「マレーシアに行くなら、ムルデカ118とペトロナスツインタワーどっちに登るべき?」
結論からお伝えすると、2026年現在、観光客が登れるのはツインタワーだけです。世界第2位の高さを誇るムルデカ118の展望台「The View at 118」は、まだ一般公開されていません。
私は元旅行会社勤務で、クアラルンプールではツインタワーを実際に訪れています。この記事では、ムルデカ118の最新開業状況と、いま確実に絶景を楽しむための正解ルートを、現地で感じたことも交えて解説します。
この記事でわかること
- ムルデカ118展望台の最新開業状況
- 118モールのオープン日
- 開業前でも景色を楽しむ方法
- ツインタワーの料金と予約のコツ
- 2大タワーを1日で回るモデルコース
結論|今登るなら正解はどっち?

まず現状を整理します。ネット上には「ムルデカ118の展望台がオープンした」という情報も流れていますが、2026年時点で展望台は未開業です。旅行の計画は、この事実を前提に立てる必要があります。

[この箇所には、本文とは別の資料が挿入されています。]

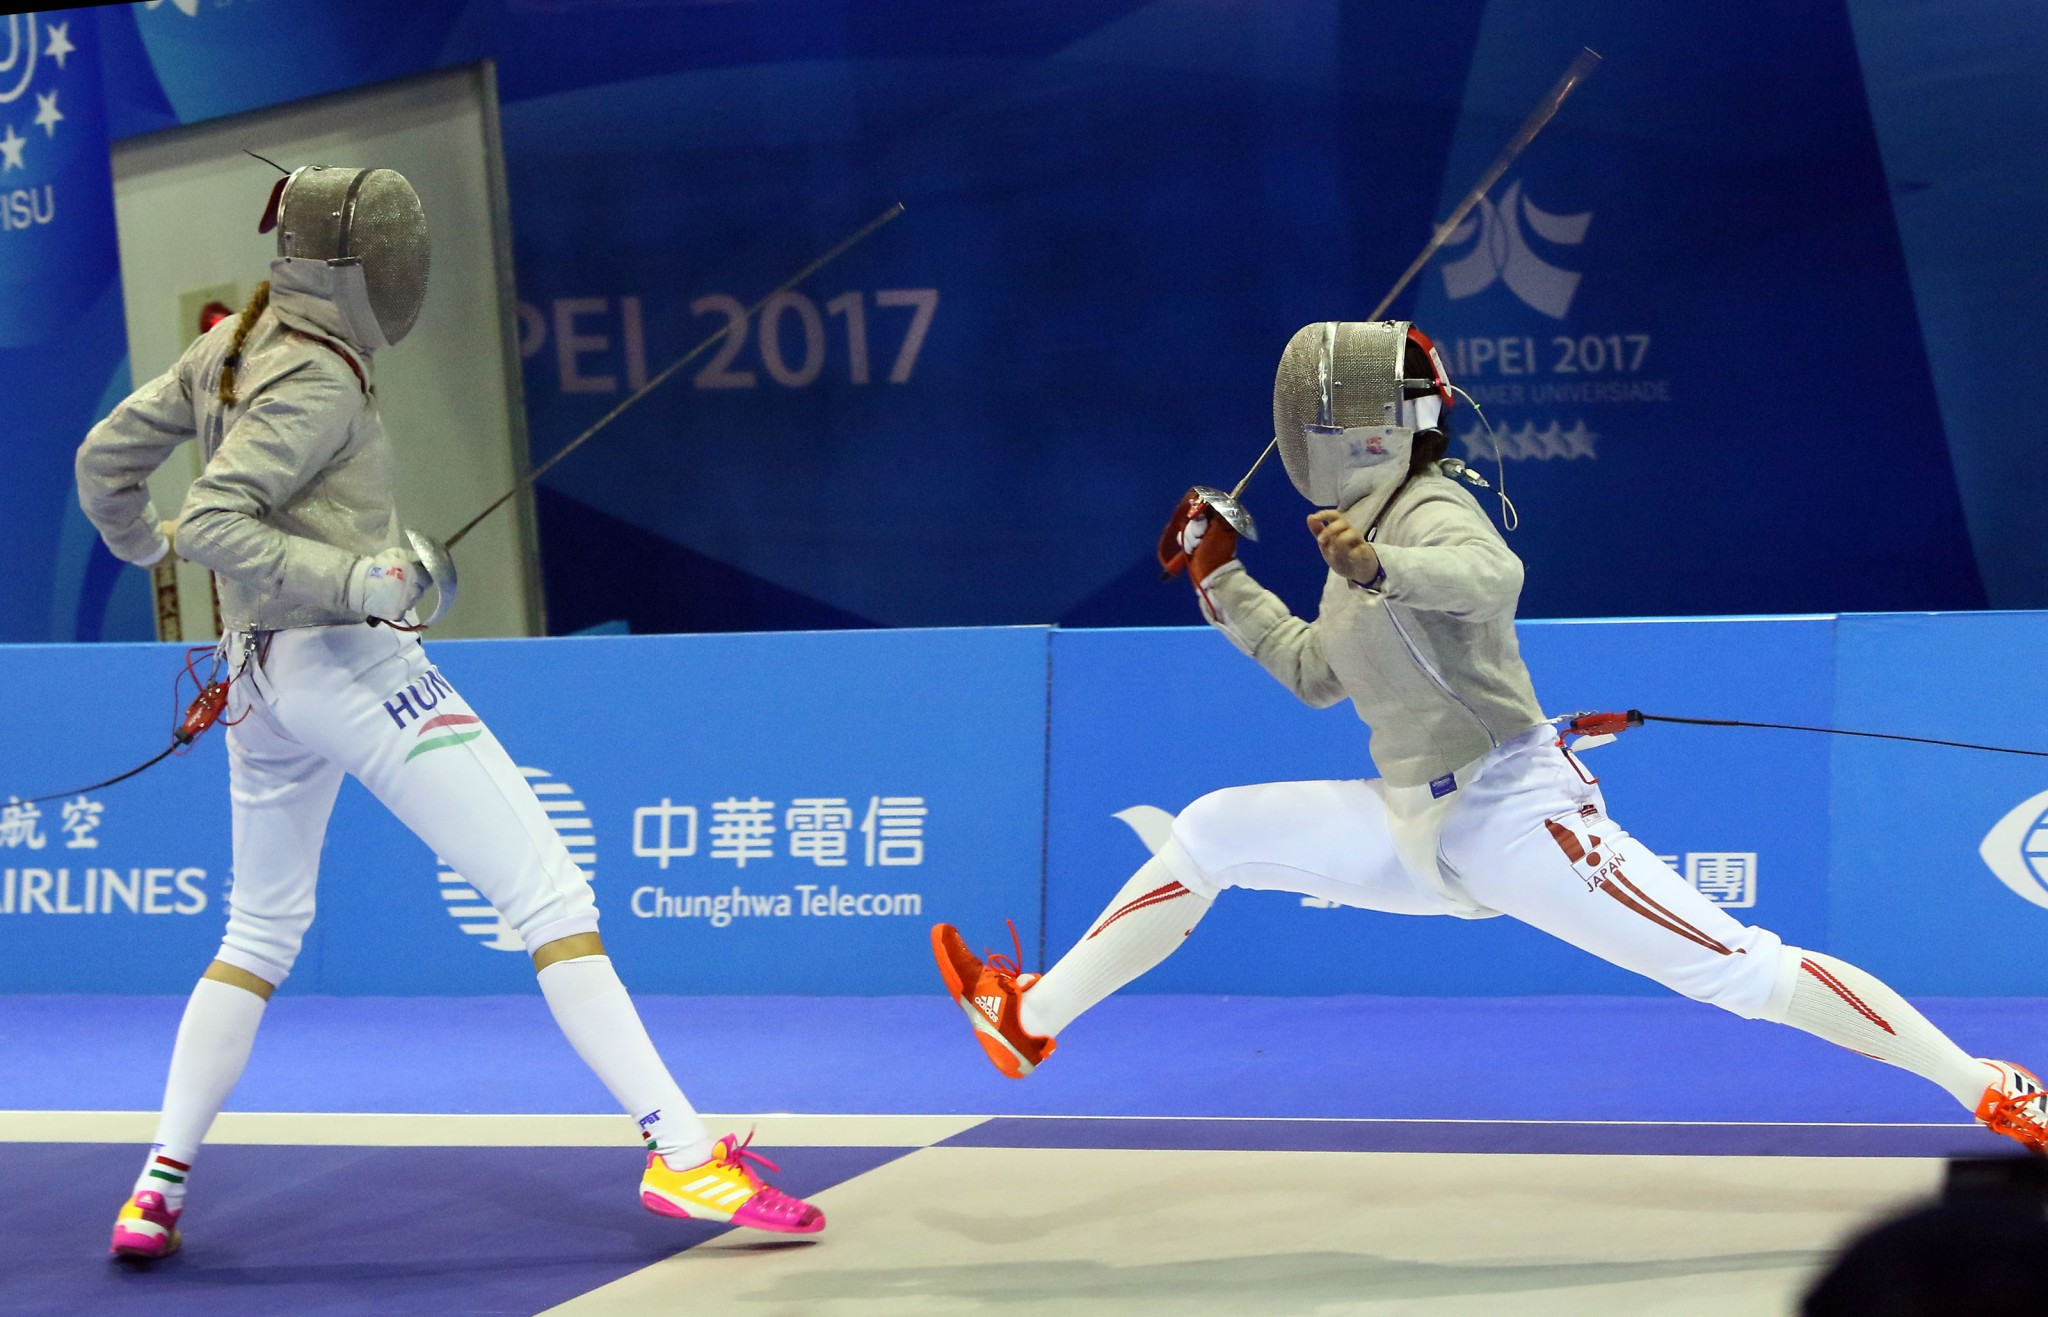 Japan won the final two team fencing titles ©Taipei 2017
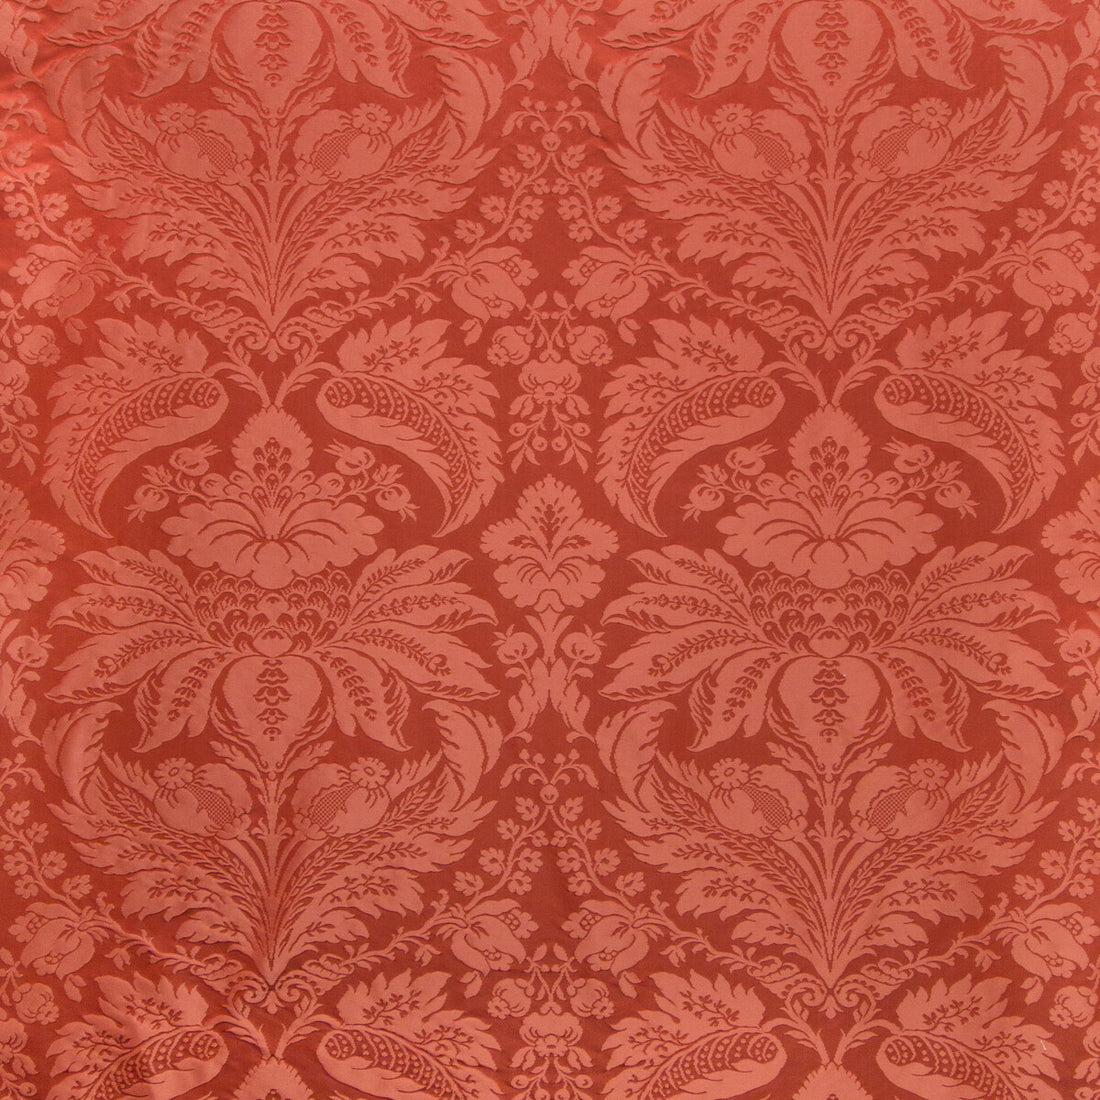 Damask Pierre fabric in pepper red color - pattern 8013188.119.0 - by Brunschwig &amp; Fils in the B&amp;F Showroom Exclusive 2019 collection

| 比較項目 | ムルデカ118 | ツインタワー |
|---|---|---|
| 展望台の開業状況 | 未開業(2026年後半予定) | 営業中 |
| 高さ | 678.9m(世界2位) | 451.9m(ツインでは世界一) |
| 料金 | 未発表 | 大人98リンギット(約3,300円) |
| 予約 | 予約システム自体が未稼働 | 事前予約ほぼ必須 |
| 今できること | 外観撮影・75階ホテル利用 | スカイブリッジ+86階展望台 |
今すぐ登れるのはツインタワー
2026年の旅行で「登る体験」をしたいなら、選択肢はツインタワー一択です。地上170mのスカイブリッジと86階の展望台は健在で、マレーシアの象徴に登るという王道体験ができます。
ただし人気が集中しているため、チケットは時間指定制で発売枚数に上限があります。後述しますが、事前予約なしで当日行くのはおすすめできません。
ムルデカ118を待つべき人
一方で、以下に当てはまる方は、ムルデカ118の開業を待つ価値があります。
- 旅行時期がまだ決まっておらず、2026年末〜2027年に渡航予定
- 東南アジア最高となる展望台に一番乗りしたい
- ツインタワーを「見下ろす側」から撮影したい
ムルデカ118の展望台からは、ツインタワーとKLタワーを含むクアラルンプールの全景を収められます。ツインタワーに登ると自分自身が写真に写らない、というジレンマを解決できるのはこちらです。
クアラルンプール全体の回り方は、こちらのモデルコースにまとめています。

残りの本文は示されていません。